The most widely used algorithms and applications for this task in remote sensing archaeology are pseudo-colour composites and vegetation indices [
6,
36,
37,
38]. Despite their limitations—as these have already been discussed by several researchers [
23,
26]—these are still applied mainly due to their simplicity. In recent years, linear equations have been also proposed by [
24,
25,
26] in order to overcome some of the current difficulties/limitations of remote sensing applications in archaeological research. These linear equations can be easily applied to any type of multispectral sensor and image software by multiplying each band by the appropriate coefficient.

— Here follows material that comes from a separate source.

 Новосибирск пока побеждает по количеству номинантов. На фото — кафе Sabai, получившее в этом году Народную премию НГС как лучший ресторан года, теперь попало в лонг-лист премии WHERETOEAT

The purpose of the current study was to evaluate the performance of these linear equations, initially developed for the eastern Mediterranean area, in a different environment while at the same time demonstrating some of the problems related to the detection of crops. The all-inclusive outcome of the research has shown the potential use of the linear equations beyond the eastern Mediterranean. In particular, the use of ratios between the different components can improve the detection of crop marks even more. As demonstrated in the Lucera case study, the best discriminability of the Neolithic crop marks is obtained by the vegetation/crop and vegetation/soil ratios. In addition, these ratios were able to improve the quality of the images in shadow areas.

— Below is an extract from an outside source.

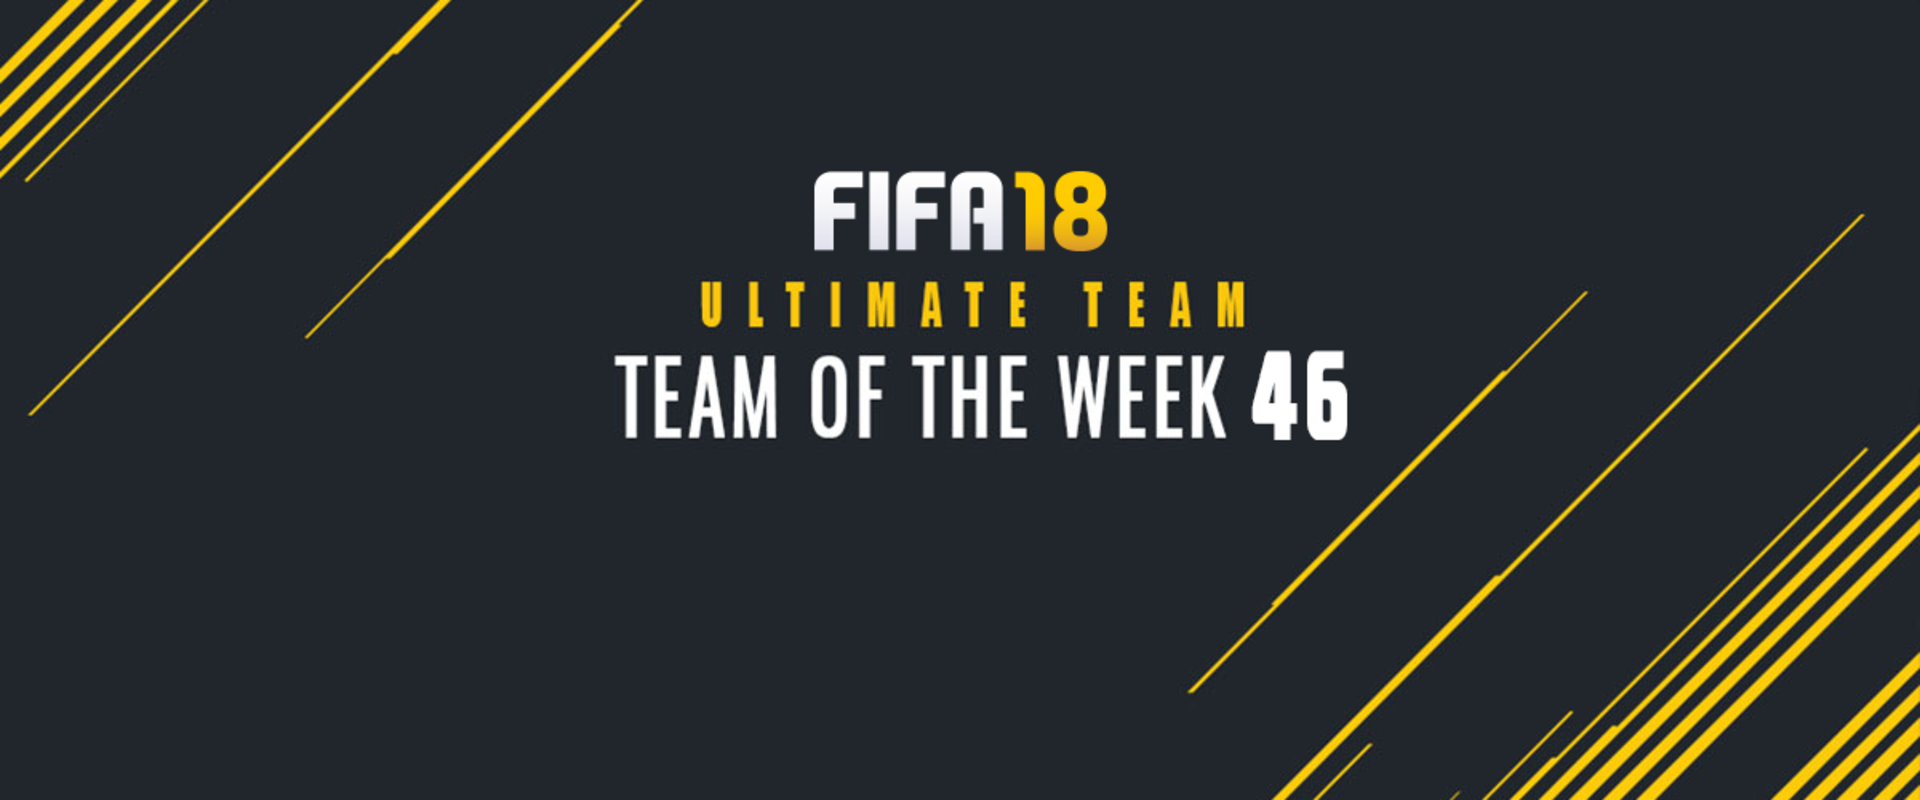 A Nemzetek Ligája hőseiből állt össze a Team of the Week 46

The overall results demonstrate that innovative equations can support archaeological research in order to enhance and facilitate the identification not only in terms of the detection of crop marks, but also in terms of archaeological interpretation at least for known archaeological sites, creating an easy way to approach large-scale areas, especially in cases where the performance of other techniques is problematic. Nevertheless, phenological variations should be taken into consideration to maximize the information retrieved from the satellite datasets. Future work is expected to be carried out by the authors in order to further improve these linear equations in other environments (e.g., northern Europe), aiming at the same time to minimize the atmospheric and soil background noise.